The deal means the state will not lose $ 14 million in highway financing, the Federal Highway Administration said in a statement.
In the coming months, New York will present its plan for a new tourism campaign including applications.
"We have reached an agreement to launch an innovative experimental project that will allow tourism signage to highlight cultural, historical and other important sites of the state," said Transport Department Commissioner Paul Karas. , and the director of the Thruway Authority, Matthew Driscoll. declaration.

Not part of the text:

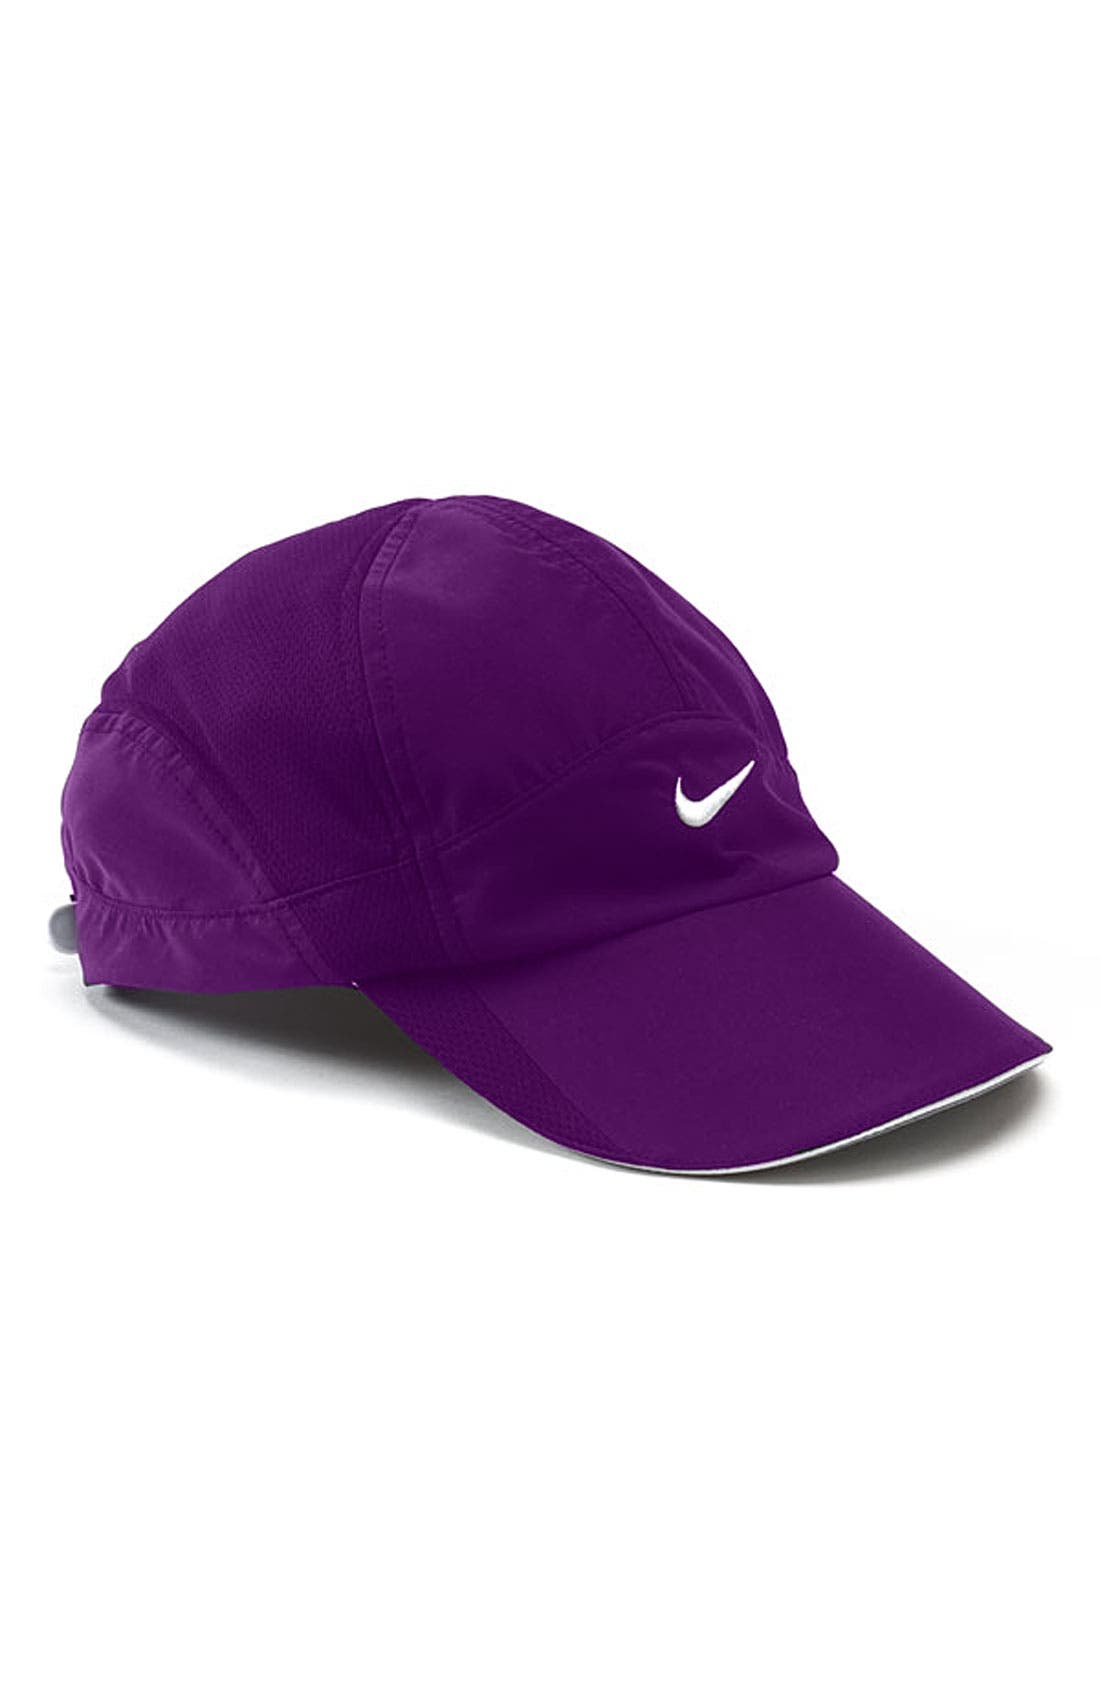 Main Image - Nike 'Feather Light' Cap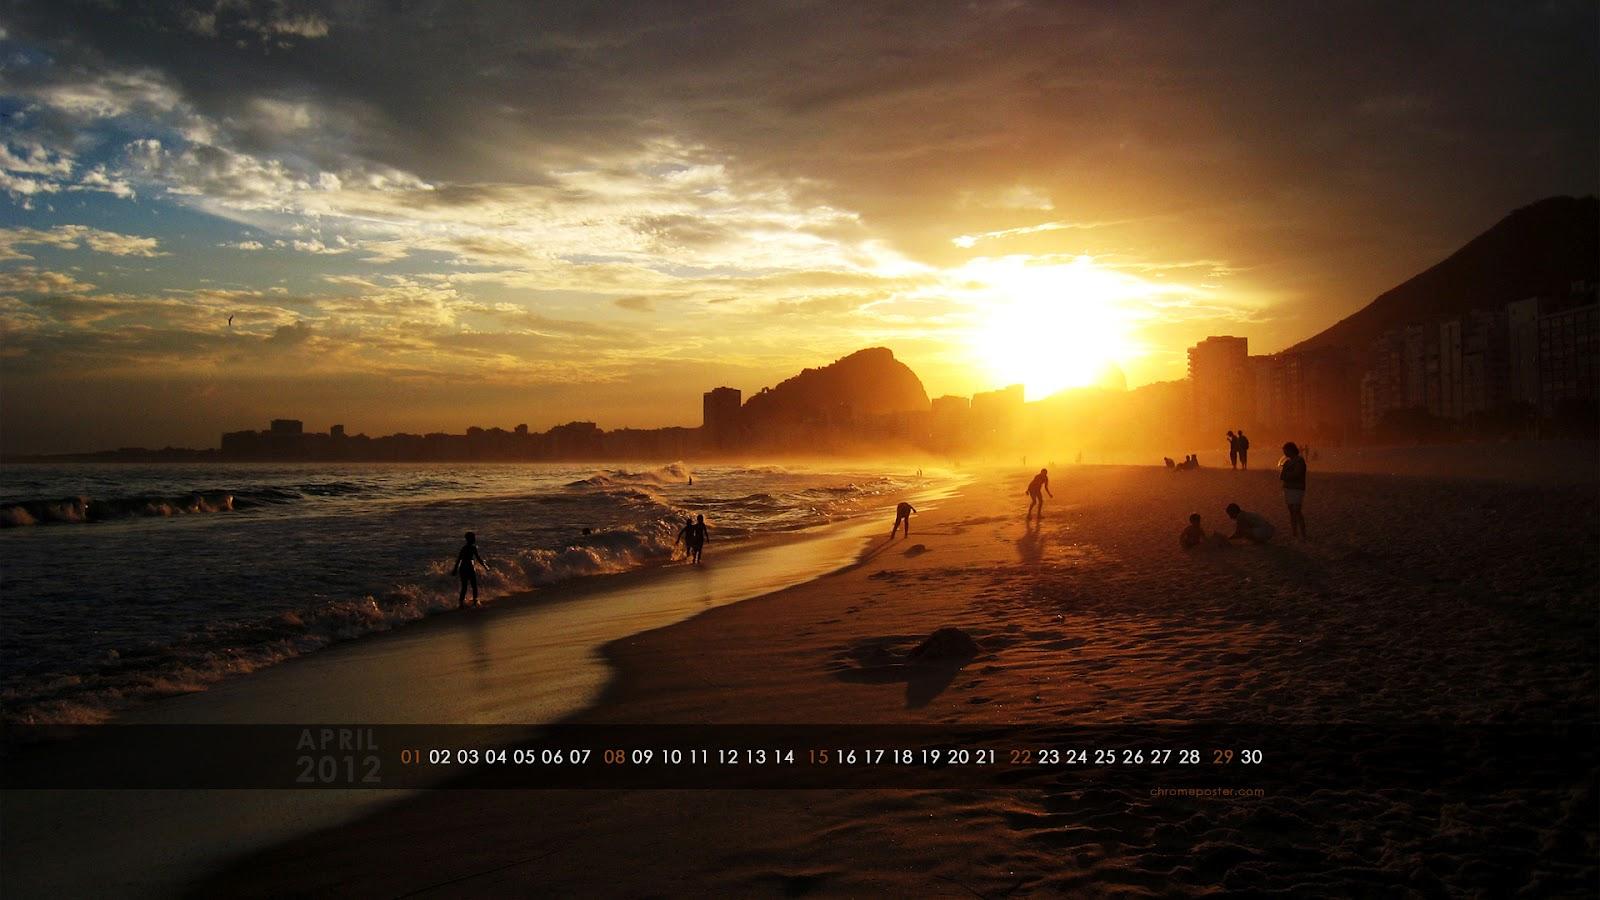 https://2.bp.blogspot.com/-ePukmXoJyVE/T3SLenuLiyI/AAAAAAAAGhs/Syt-mSG1QJk/s1600/beach-1920-x-1080.jpg

Confirming that the state and the federal government were "on the road to resolving this case, the statement from the Federal Highway Administration added," On the basis of NYSDOT's written pledge to comply, the FHWA puts an end to the initial sanction and restores the funds for the 2018 financial year ".
The Cuomo administration set up the panels in 2013 to increase tourism, saying that they offered useful information and that they did not cause accidents.
However, the federal government has stated that they have violated laws restricting road signage to navigation aids and preventing them from being used as advertisements.
The battle around the big blue and white road signs, usually appearing in groups of five on national highways – a so-called motherboard, followed by four successive beacons – erupted after the Federal Highway Administration rejected the demand for the state to install them. .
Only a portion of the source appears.